More than just tractors
Deere & Company offers far more than the tractors and lawnmowers for which it is best known. The world's largest maker of combines, tractors, and other farm equipment has diversified. Deere recently added a broad range of financial services that includes credit and banking operations.
Turning saws into plow blades
The company began in 1837 when John Deere, a Vermont-born blacksmith lured by dreams of fortune in the West, moved his operations to Grand Detour, Illinois. Deere fashioned a plow from a broken steel saw blade that could cut through the tough mid-western soil better than the old cast-iron plows that pioneers had brought with them from the East. Faced with recession-era losses in the early 1990s, Deere rebounded by streamlining its operations and reinvigorating its research and development program.
Turmoil in the heartland, trouble for Deere
Amidst continuing periods of hardship for farmers and the farm-equiment business, Deere's emphasis on consumer products has kept earnings from plummeting. The company now derives one-third of its profits from construction and garden equipment, including riding mowers and leaf blowers. These areas are growing three times as fast as Deere's farm equipment division. Still, Deere's core business remains rooted in farming. It tops the list of global agricultural equipment manufacturers and is a leader among industrial equipment manufacturers for commercial and private markets. Yet no matter how much diversification Deere undertakes, overseas economic turmoil continues to suck away earnings. The export market for American farmers has recently diminished, depressing Deere's performance in farm equipment.
Despite its struggles, Deere continues to focus on the expansion of its product line and of its international presence. In early-2000, the company introduced a new line of both small and large equipment; and in summer 2000, a year after selling its insurance group, Deere announced that it would open its own federally insured savings bank. Additionally, Deere has acquired InterAg Technologies, NavCom Technology, and Timberjack; and it has increased its interests in Brazil, China, and Turkey.
Deere & Company accepts resumes by fax and regular mail. At its employment Web page, www.deere.com/hr/employment/. The company also provides the opportunity for applicants to construct on-line resumes, which can be sent directly to the main office. The Web page describes different opportunities available at each Deere location and gives a college recruiting schedule for management positions. For Deere's top six hiring division--engineering, information systems, operations, finance, marketing, and supply management--the Web site lists qualifications, career path, and typical tasks.

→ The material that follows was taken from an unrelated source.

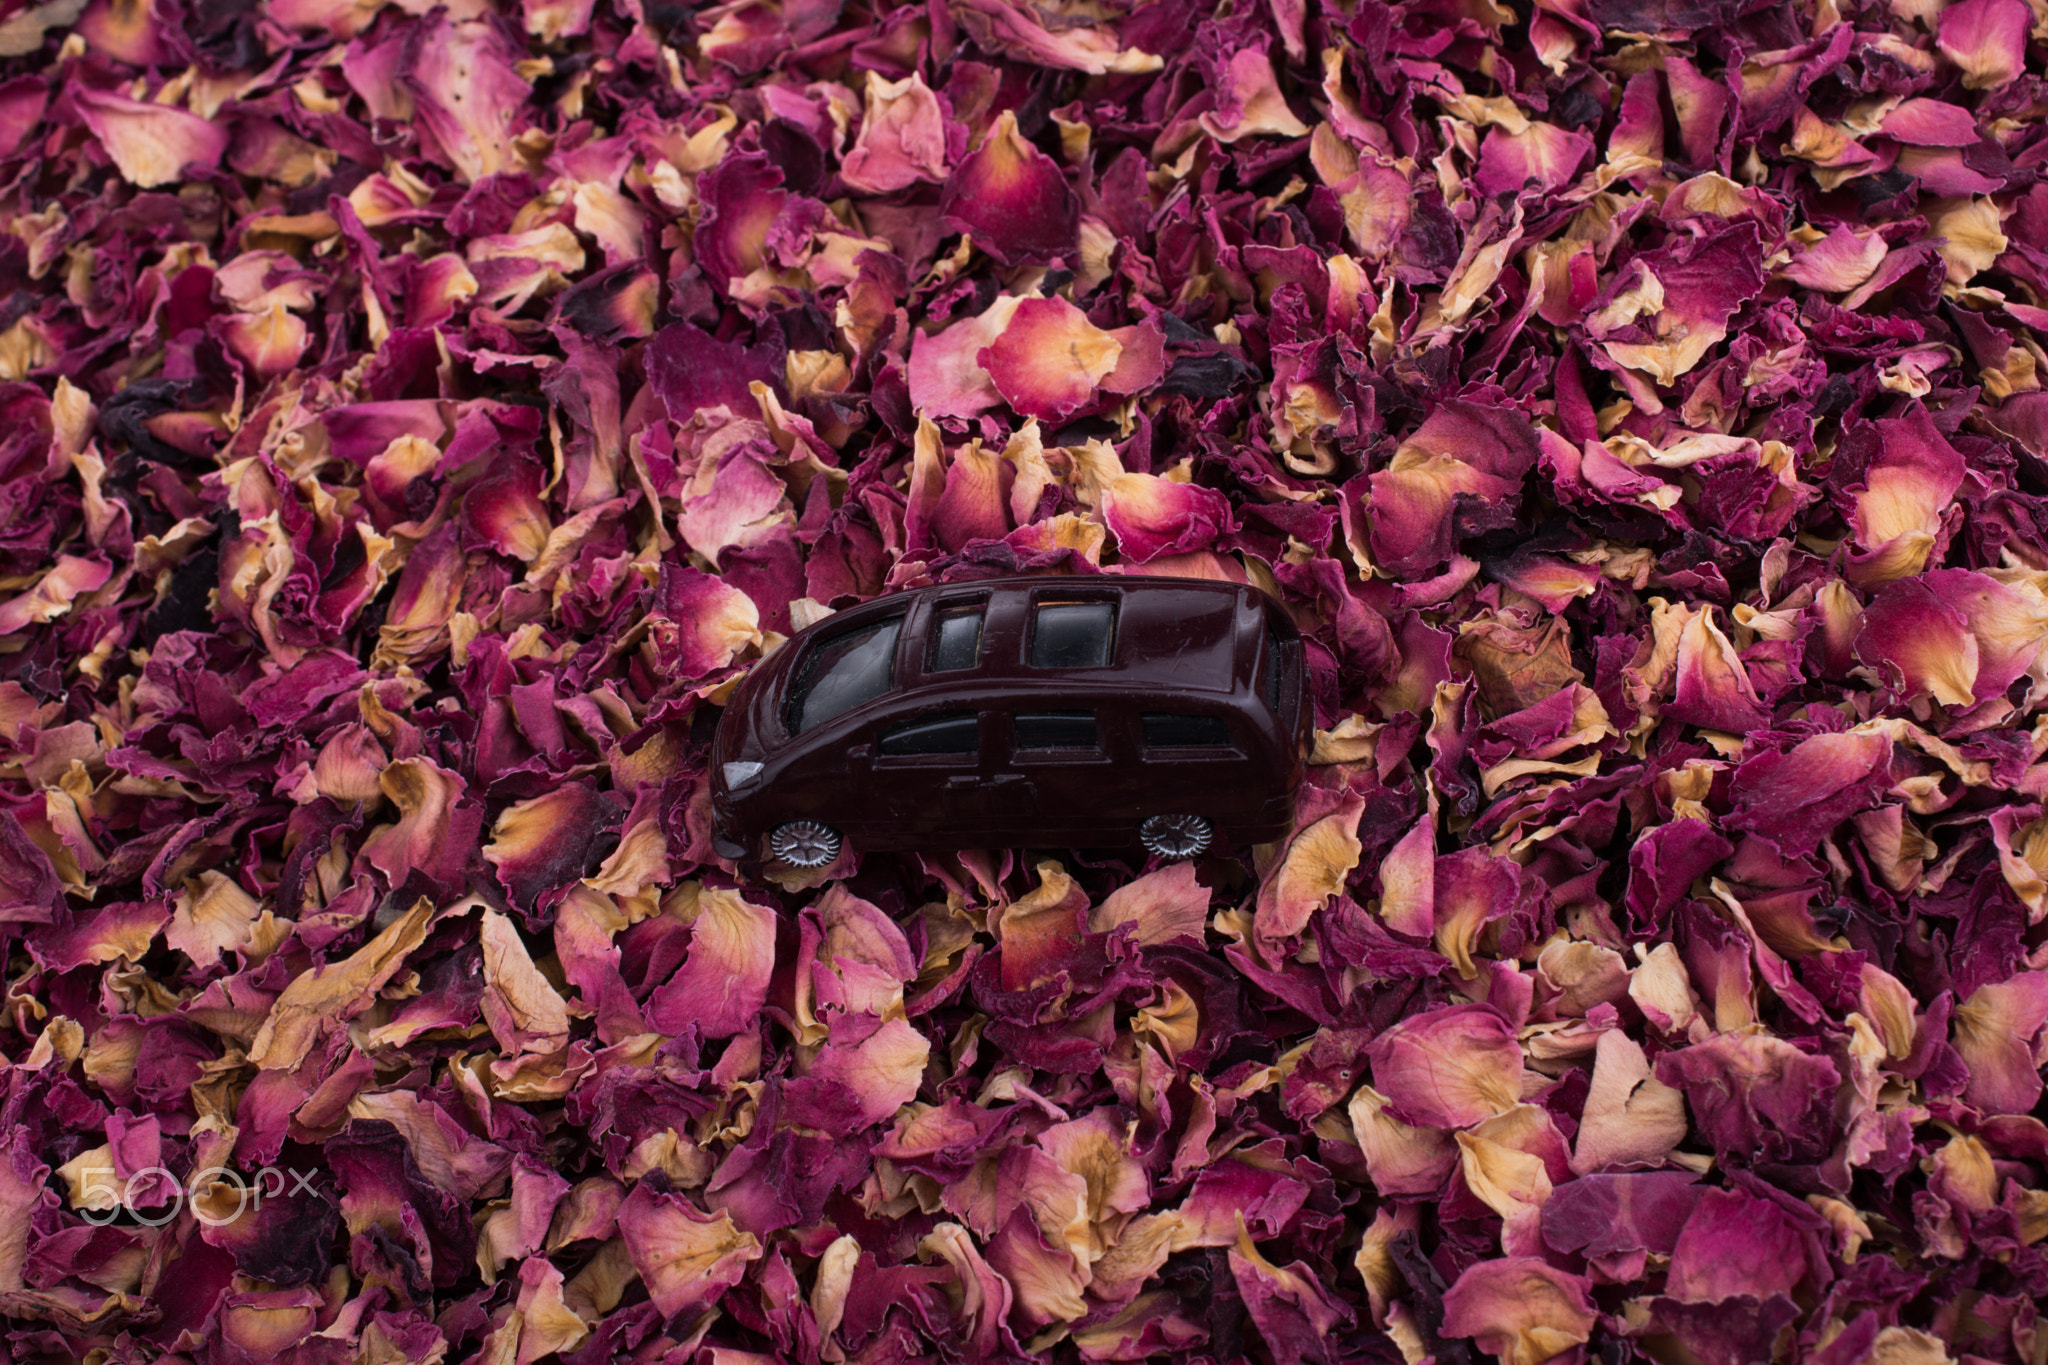 Toy car on a background of dried rose petals
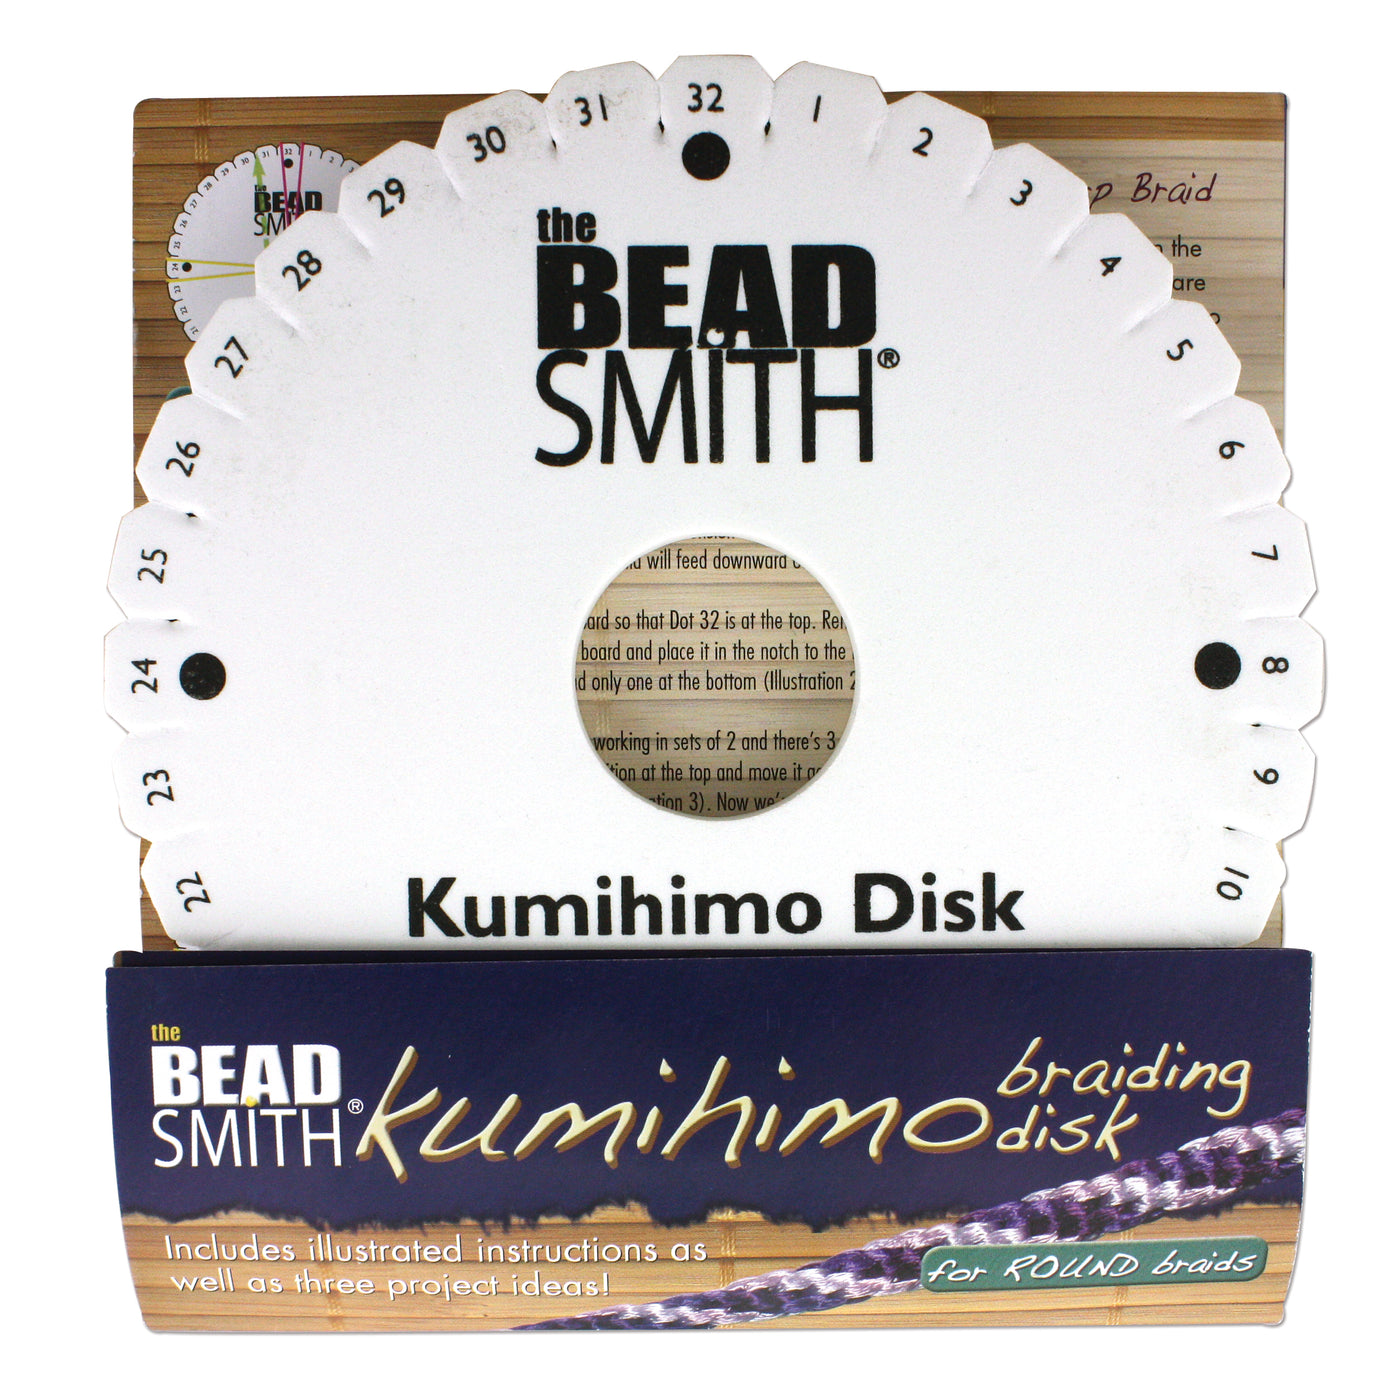 Kumihimo Disk, 64 Slots High Density Foam Disk, 6 Inch Disk, 20mm Thick,  35mm Center Hole, Provides Excellent Tension, Limit 2 per Order

Resumes can also be mailed to the company. Keep those resumes simple, unstapled, and unfolded. All resumes must be scanned into a central database, where they remain "active" for up to six months.
Deere & Company strives to foster a "sophisticated" and "forward-looking" corporate atmosphere in which employees operate with a significant degree of independence and autonomy. Deere employees are "spirited and enthusiastic" about their work; they like completing their projects in "a team settings without having senior management hanging over our shoulders." Deere also boasts an "outstanding record of hiring and promoting minorities." Employees at headquarters in Moline enjoy "beautiful offices" that make it "a pleasure to drive up to the building."